Exercise aim
Your response should consist of every record, exactly as given.
○ ○ ○ ○ ○
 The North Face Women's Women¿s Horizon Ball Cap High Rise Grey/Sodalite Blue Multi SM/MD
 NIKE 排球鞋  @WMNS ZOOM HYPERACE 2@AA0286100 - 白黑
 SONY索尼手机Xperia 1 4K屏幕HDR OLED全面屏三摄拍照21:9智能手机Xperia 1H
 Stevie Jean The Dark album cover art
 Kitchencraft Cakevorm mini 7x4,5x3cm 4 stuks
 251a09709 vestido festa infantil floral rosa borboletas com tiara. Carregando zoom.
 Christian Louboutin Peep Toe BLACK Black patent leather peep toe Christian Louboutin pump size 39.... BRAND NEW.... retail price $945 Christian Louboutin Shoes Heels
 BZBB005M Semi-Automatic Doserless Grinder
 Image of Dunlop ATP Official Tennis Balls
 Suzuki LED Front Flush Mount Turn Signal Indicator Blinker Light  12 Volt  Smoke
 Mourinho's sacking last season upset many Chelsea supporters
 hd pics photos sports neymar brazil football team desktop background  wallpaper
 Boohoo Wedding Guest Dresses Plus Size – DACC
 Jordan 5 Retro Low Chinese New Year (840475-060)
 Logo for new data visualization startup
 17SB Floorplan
○ ○ ○ ○ ○
Written solution
 The North Face Women's Women¿s Horizon Ball Cap High Rise Grey/Sodalite Blue Multi SM/MD
 NIKE 排球鞋  @WMNS ZOOM HYPERACE 2@AA0286100 - 白黑
 SONY索尼手机Xperia 1 4K屏幕HDR OLED全面屏三摄拍照21:9智能手机Xperia 1H
 Stevie Jean The Dark album cover art
 Kitchencraft Cakevorm mini 7x4,5x3cm 4 stuks
 251a09709 vestido festa infantil floral rosa borboletas com tiara. Carregando zoom.
 Christian Louboutin Peep Toe BLACK Black patent leather peep toe Christian Louboutin pump size 39.... BRAND NEW.... retail price $945 Christian Louboutin Shoes Heels
 BZBB005M Semi-Automatic Doserless Grinder
 Image of Dunlop ATP Official Tennis Balls
 Suzuki LED Front Flush Mount Turn Signal Indicator Blinker Light  12 Volt  Smoke
 Mourinho's sacking last season upset many Chelsea supporters
 hd pics photos sports neymar brazil football team desktop background  wallpaper
 Boohoo Wedding Guest Dresses Plus Size – DACC
 Jordan 5 Retro Low Chinese New Year (840475-060)
 Logo for new data visualization startup
 17SB Floorplan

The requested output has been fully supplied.